= Stephen Crawley =

Scottish cricketer (born 1962)

Stephen Crawley (born 16 September 1962 in Cheshire, England) is a former Scottish cricketer. He was a right-handed batsman and right-arm fast-medium bowler. In 1981 he played for England Schools who were captained by Hugh Morris and included Peter Moores, the future England coach. He spent his early career playing second XI cricket for Lancashire and was 12th man for the 5th day of the 1982 Test match v India after Ian Botham had broken his toe) and Leicestershire in addition to minor counties cricket for Cheshire, for whom he played a handful of List A matches.
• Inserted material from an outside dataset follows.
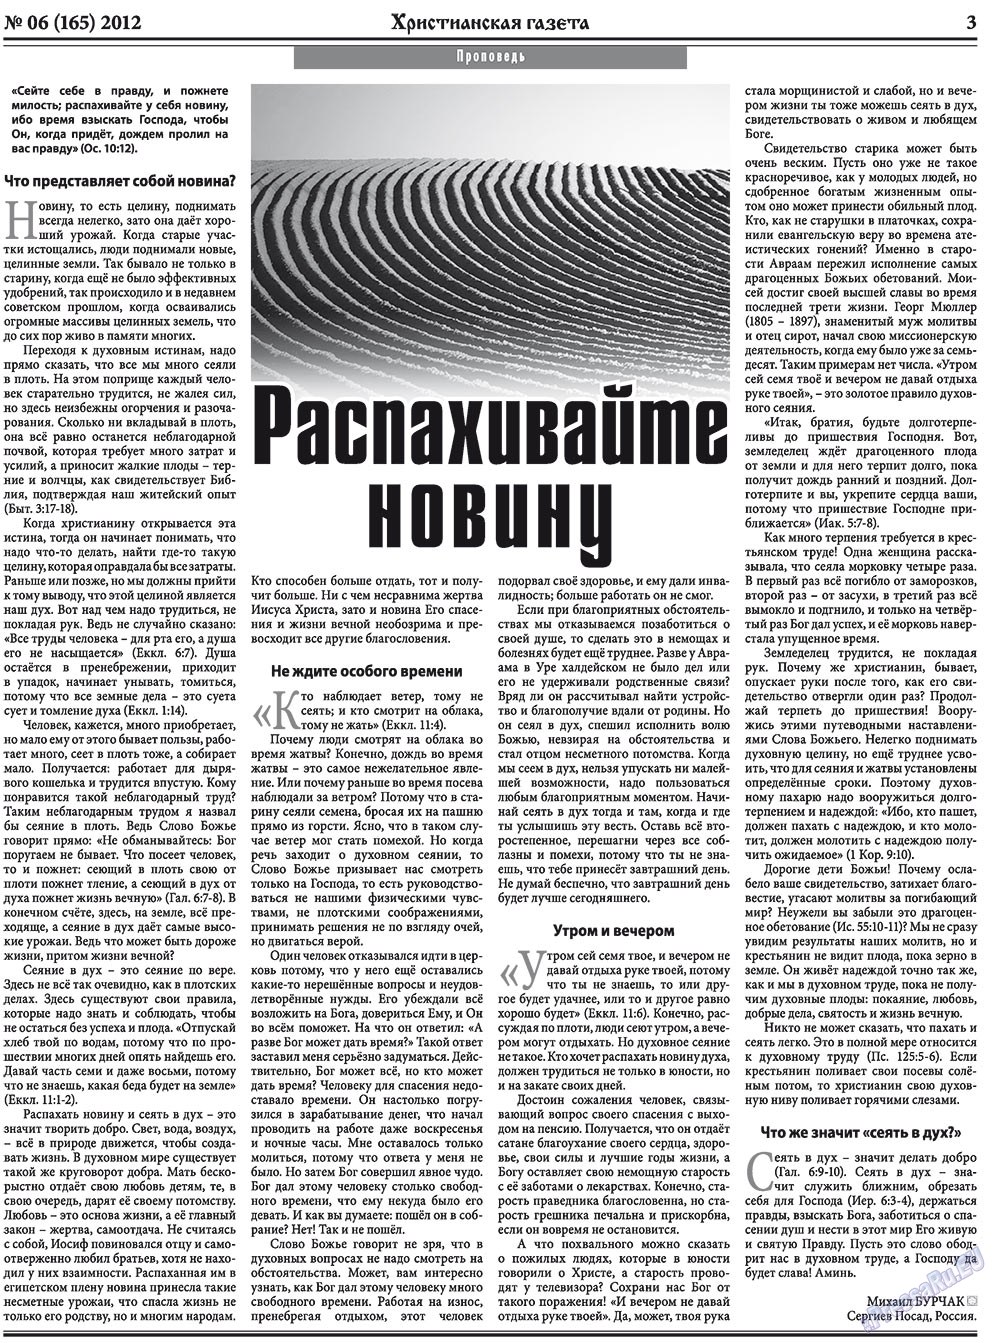 Христианская газета (газета). 2012 год, номер 6, стр. 3

Crawley moved to Scotland through work in July 1993, as National Sales Manager (Director Designate) for the Caledonian Brewery in Edinburgh (eventually becoming Managing Director of the Caledonian Brewery in 2001) and qualified to play for Scotland through residence. He made his début for Scotland against Worcestershire on 23 April 1995. He went on to play for Scotland 14 times. He was not selected for the 1999 World Cup, but did play in the cricket tournament at the 1998 Commonwealth Games. In 1998, Crawley got Man of the Match in the Scottish Cup Final at Hamilton Crescent in Glasgow, scoring 101 not out, remarkable given it was his father's funeral on Wirral the day before, and he only got back from holiday in Menorca into Edinburgh late on Friday night. In 1999, Crawley received the gold award for 109 not out in the 1st round Nat West match v the Nottinghamshire Board XI in a match played at West Lothian CC. Frustratingly for Stephen and for Craig Wright, (both players just missing out on the World Cup squad) who took 5 wickets, the game was deemed a non cap game for Scotland as there was a squad playing in the World Cup even though it was an A list match?

In December 2015, the newly formed Higsons Brewery owned by Stephen Crawley submitted planning permission for a brewery and visitor centre in Liverpool.

In February 2016, Stephen Crawley acquired The Liverpool Craft Beer Company, known locally for its Love Lane Pale Ale. In 2017 via an EIS fundraise Stephen and his shareholders opened the Tap & Still, 62-64 Bridgewater Street, L1 0AY in the heart of the Baltic Triangle as the new home for Love Lane, also brewing Higsons Cask Ales and making The Ginsmiths of Liverpool gins.